By: IDCNOVARegion: North America
DeepInfra has launched a new AI data center in Toronto, marking its first expansion beyond the United States and bringing its total global footprint to nine facilities. The deployment represents a strategic shift in the company's infrastructure buildout, aligning with a broader industry pivot from AI model training toward production inference workloads.

The Toronto facility delivers 1.7 MW of critical power capacity and will host more than 1,000 NVIDIA Blackwell B300 GPUs. Once fully operational, the cluster is expected to significantly boost DeepInfra’s global inference capacity while reducing latency for customers in Canada and other international markets. The company owns and operates its GPU infrastructure, supports more than 200 open-source models, and currently processes nearly five trillion tokens per week across its managed inference platform, which serves both open and proprietary AI models.

This expansion reflects a fundamental shift in the AI infrastructure market. As enterprises move generative AI applications from pilot projects into full-scale production, demand is increasingly centered on inference rather than training. Large language model inference requires sustained GPU availability, low-latency networking, and geographically distributed infrastructure to support interactive applications, AI agents, and high-volume API services. McKinsey & Company research cited by DeepInfra projects that inference will account for more than 40% of total data center demand by 2030, growing at an estimated 35% compound annual rate.

DeepInfra said the Toronto deployment is designed specifically to address those requirements by bringing GPU resources closer to users and data while increasing overall platform capacity. The choice of NVIDIA’s Blackwell architecture further underscores the focus on inference, as B300 GPUs are designed to improve inference throughput and energy efficiency for large language models and multimodal AI workloads compared to previous Hopper-based systems. While DeepInfra did not disclose additional infrastructure details such as networking or storage architecture, deployments at this scale typically rely on high-bandwidth interconnects and distributed storage to keep GPUs fully utilized.

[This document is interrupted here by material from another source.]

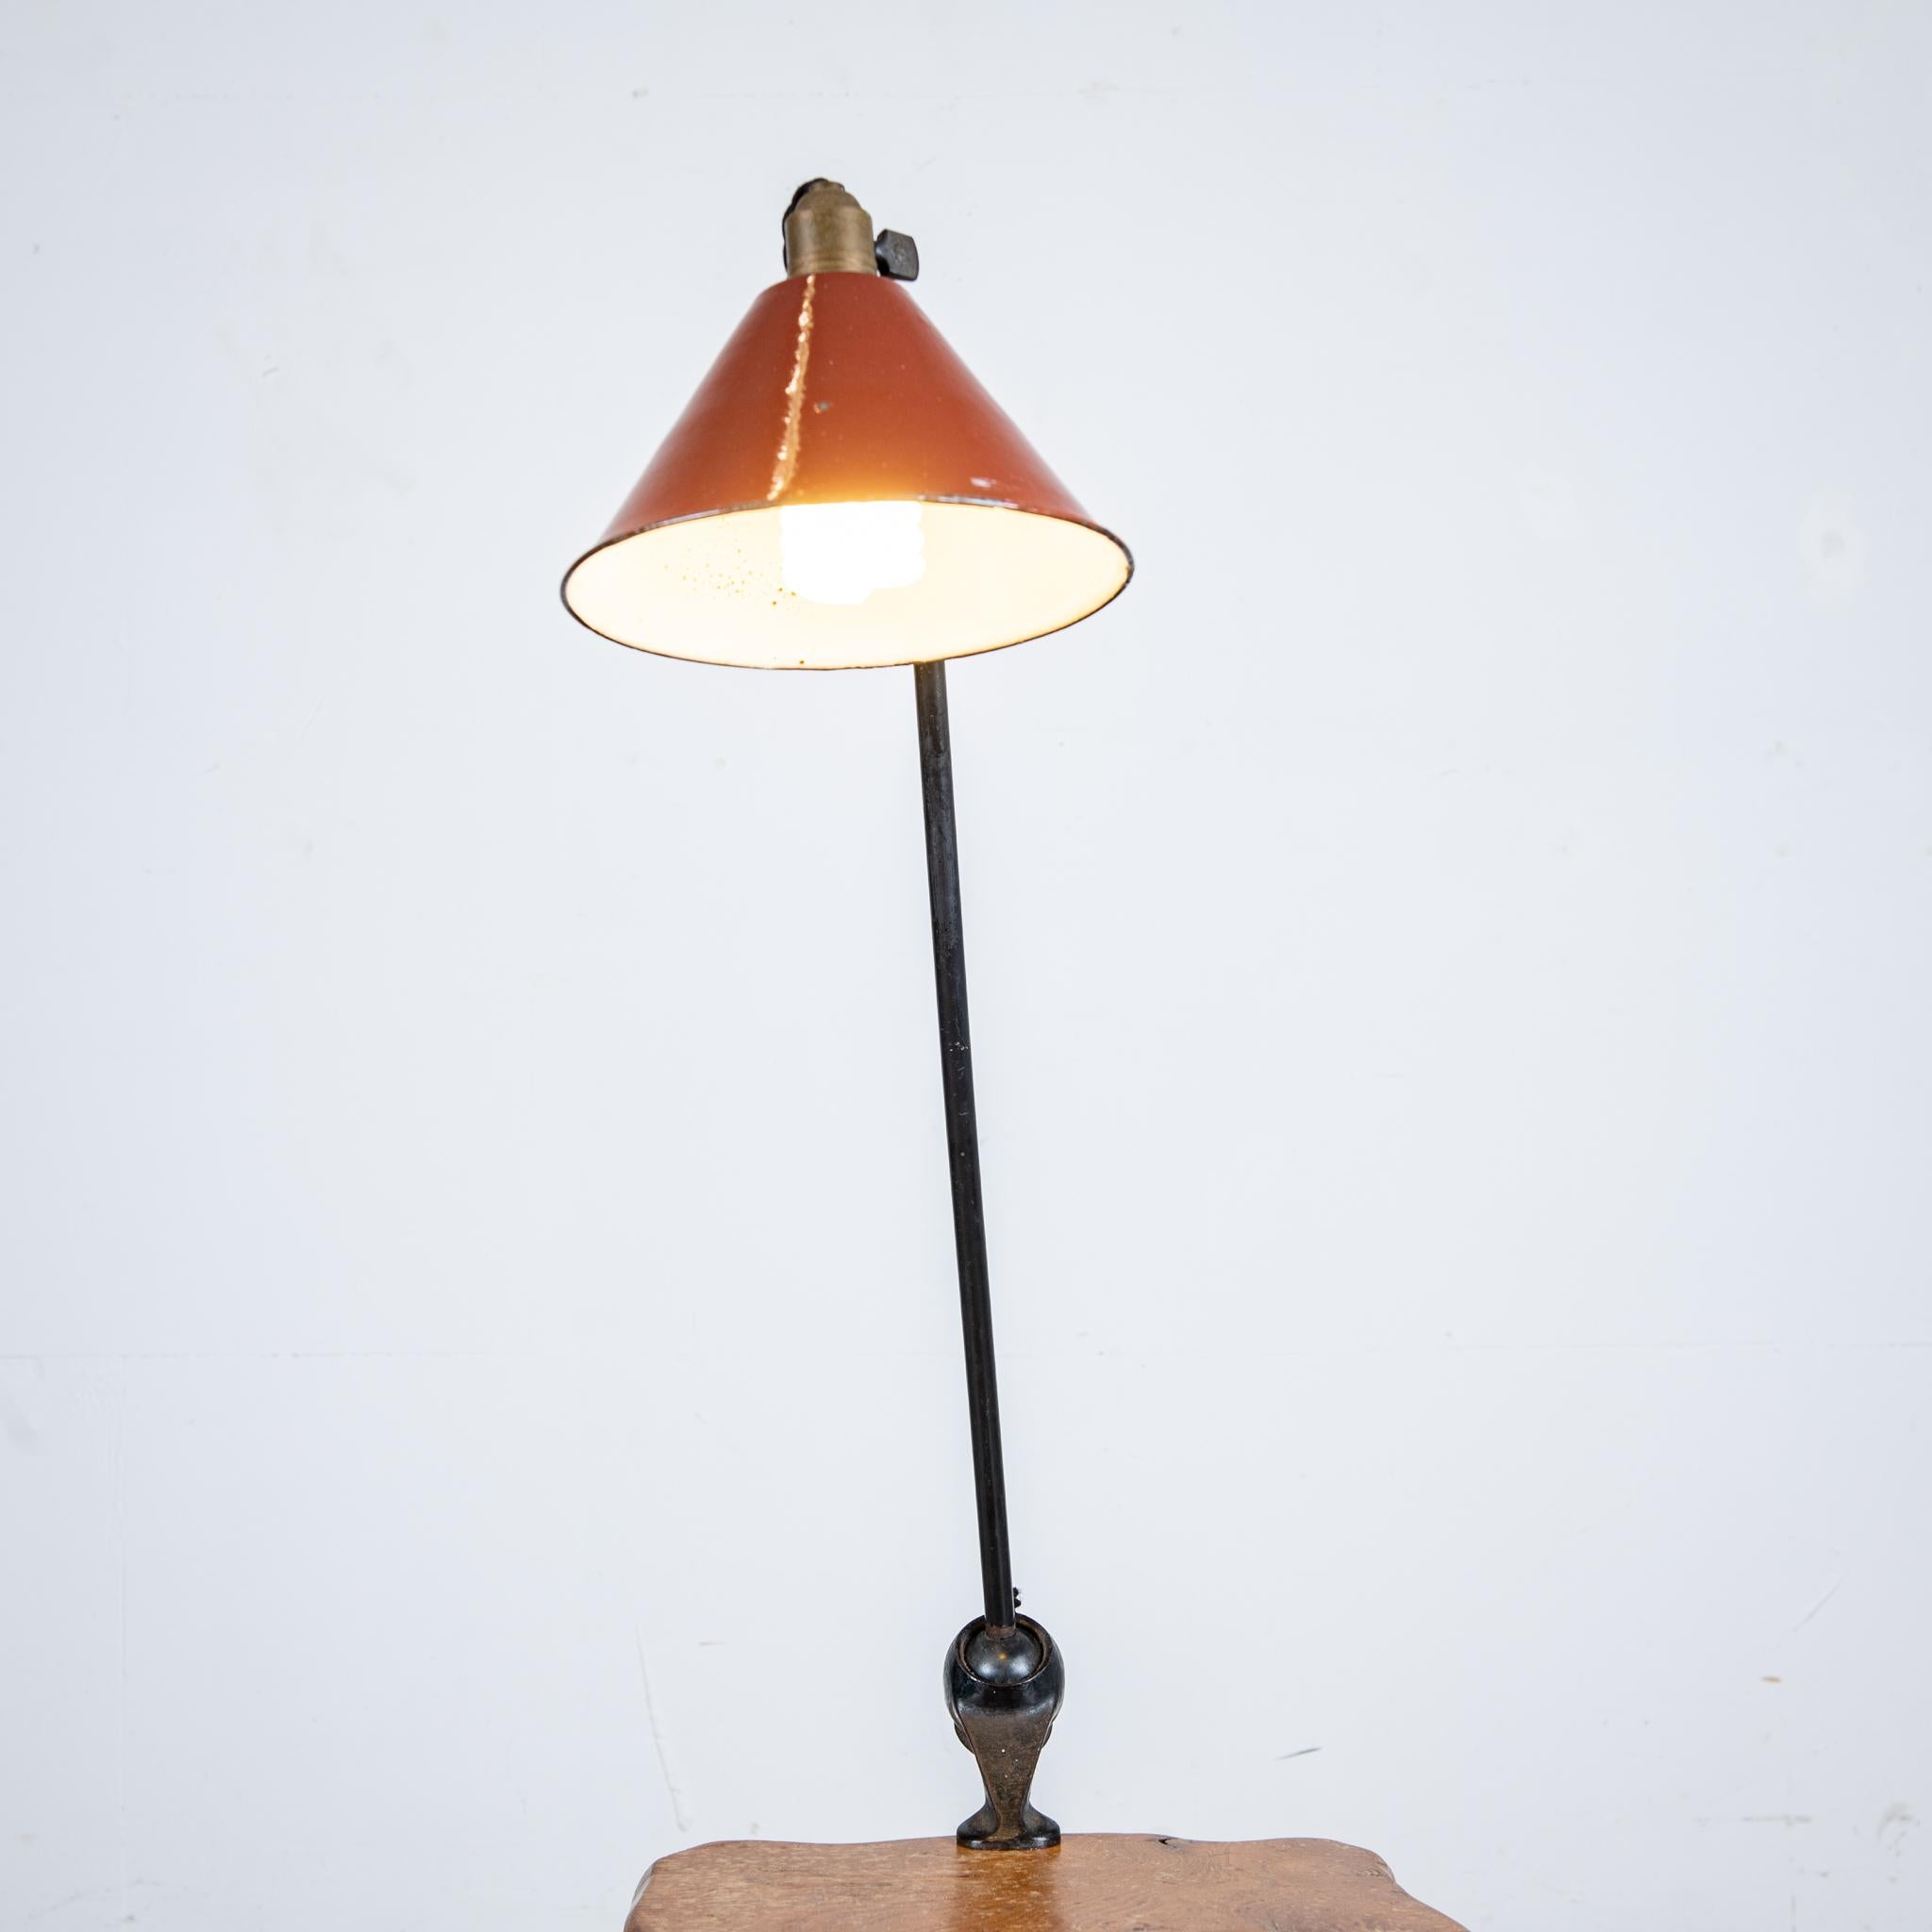 Lampe 201 Bernard-Albin Gras pour Ravel Clamart, 1921

Metal laqué rouge pour l'abat-jour dessinateur et acier pour les bras et rotule. le modèle 201 est articulé trois fois sur la rotule à la jonction des deux bras et au niveau de

According to CEO and co-founder Nikola Borisov, enterprise AI has shifted from experimentation to production deployments, increasing the need for globally distributed infrastructure that delivers lower latency and scalable inference capacity. He said the Toronto cluster represents the company’s first expansion beyond the U.S. and positions compute resources closer to customers and their data. The deployment follows DeepInfra’s recent Series B funding and forms part of the company’s broader infrastructure expansion strategy. The company indicated that additional international data center deployments are under consideration as demand for GPU-based inference services continues to grow.